Add the circuitforge_core.video package implementing the cf-video inference
service managed by cf-orch.
Service endpoints:
GET /health — liveness check; model name + VRAM
POST /caption — dense scene description + timestamped event list
POST /find — temporal grounding of a natural-language event query
Backend hierarchy:
VideoBackend (Protocol)
MarlinBackend — NemoStation/Marlin-2B via transformers>=5.7.0
MockVideoBackend — deterministic stub; no GPU required
Pydantic request/response models enforce parameter bounds at the API
boundary (max_new_tokens ge/le, event min_length=1). Span is serialized
as list[float] | None for JSON compatibility.

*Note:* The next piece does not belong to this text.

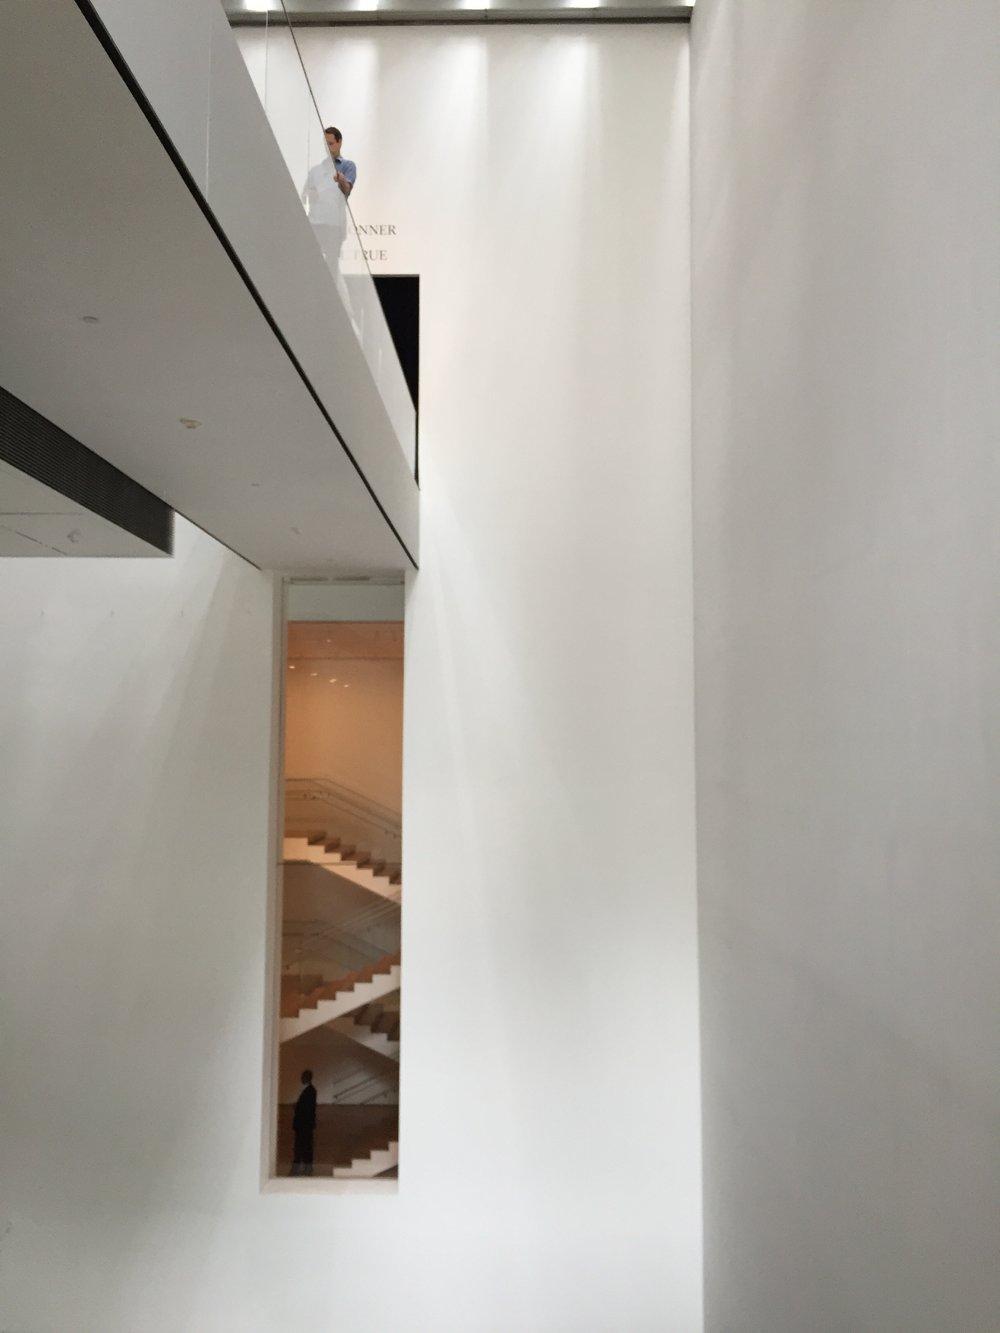 MOMA, New York, New York.

MarlinBackend loads eagerly in __init__ so cf-orch's 2-second liveness
poll catches load failures immediately. FORCE_QWENVL_VIDEO_READER env var
defaults to torchcodec (faster than av path) before transformers import.
pyproject.toml extras:
video-marlin — torch, transformers, torchcodec, qwen-vl-utils, av, Pillow
video-service — video-marlin + fastapi + uvicorn
Test coverage: 46 tests across test_mock_backend.py and test_app.py.
All passing without GPU or real video file.
Closes: #71